The parts of the body most susceptible to the cold are the tips of the fingers and the tips of the toes. These areas are supplied by very small capillaries that constrict in the cold, cutting blood flow.

Protective Clothing

Many clothing materials are available today that provide the necessary insulation and also allow for the evaporation of perspiration from the foot. Evaporation of perspiration helps keep the skin from freezing by drawing moisture away from the skin and keeping the foot drier and warmer.

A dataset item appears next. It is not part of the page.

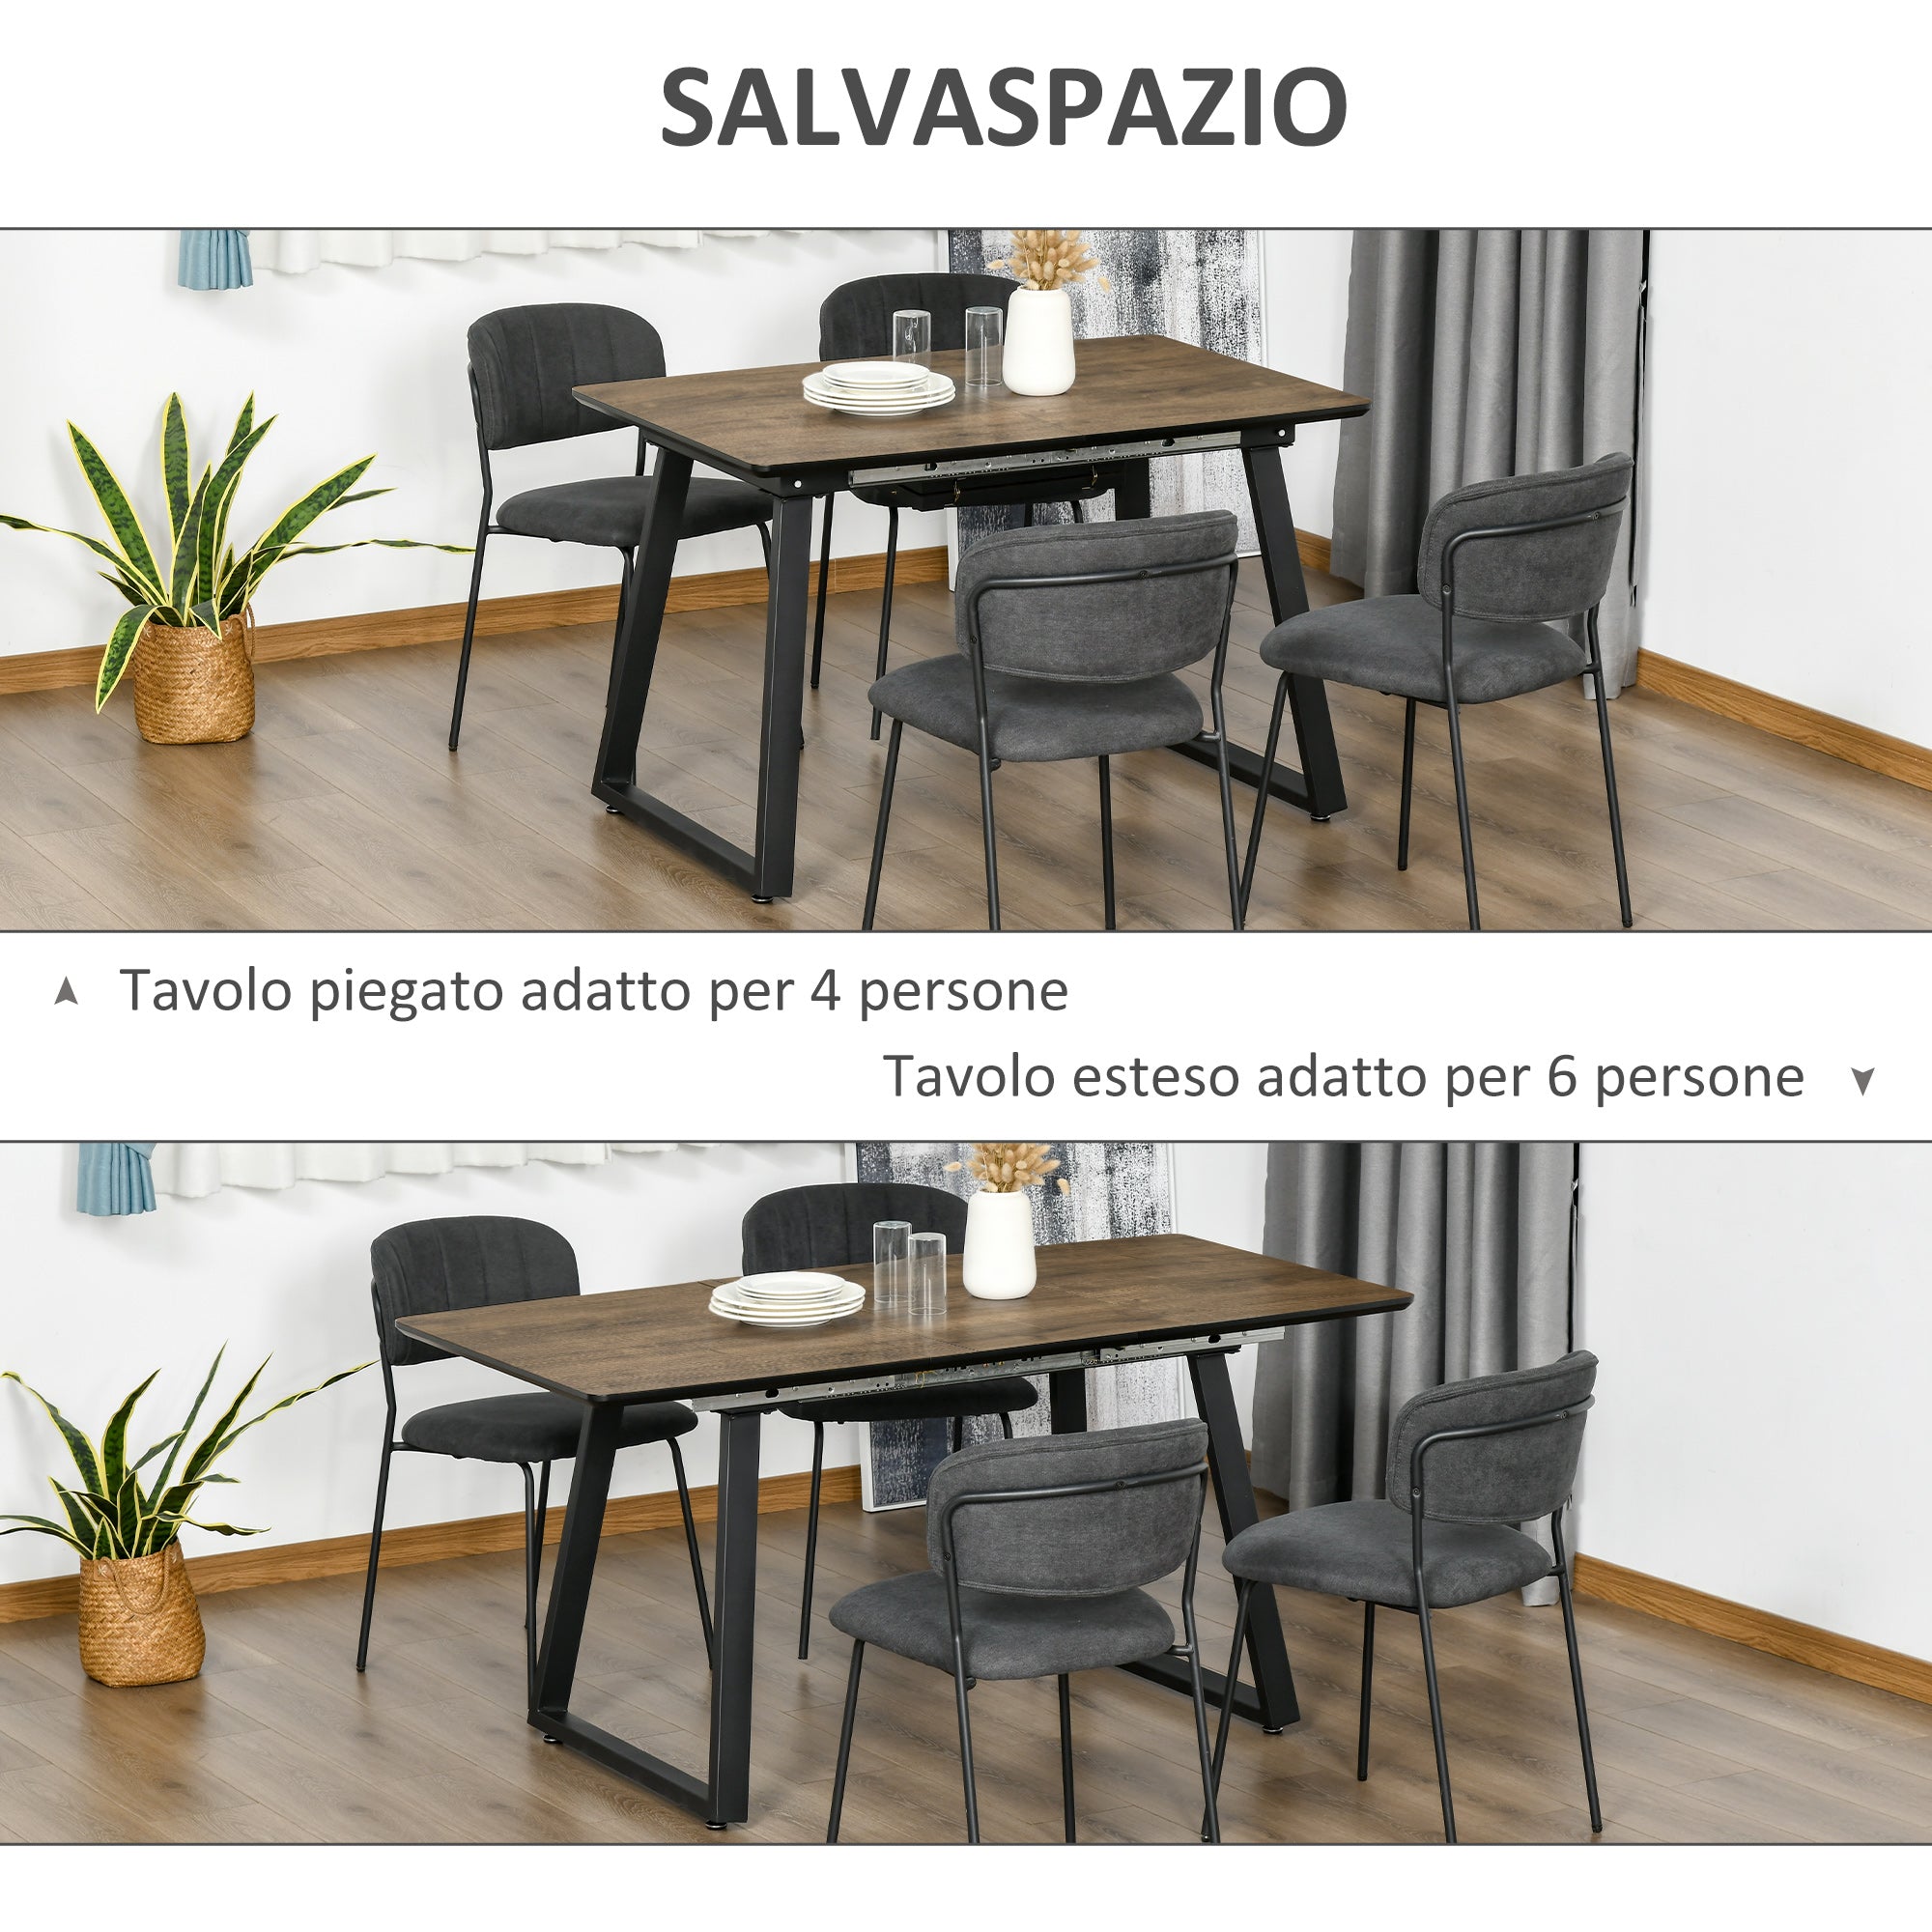 EASYCOMFORT Tavolo da Pranzo Salvaspazio Allungabile per 4-6 Persone in MDF  e Metallo, 120-160x80x76 cm, color Legno

Polypropylene is a synthetic material that helps draw moisture away from the skin. It is available now in all types of garments. Cotton is an excellent material for providing warmth; however, it has the tendency to get damp with perspiration. The best combination to wear is a sock liner made of polypropylene with a cotton sock over that. This combination will provide the best of both worlds. The polypropylene liners are quite thin and do not add a lot of bulk to the inside of the shoe.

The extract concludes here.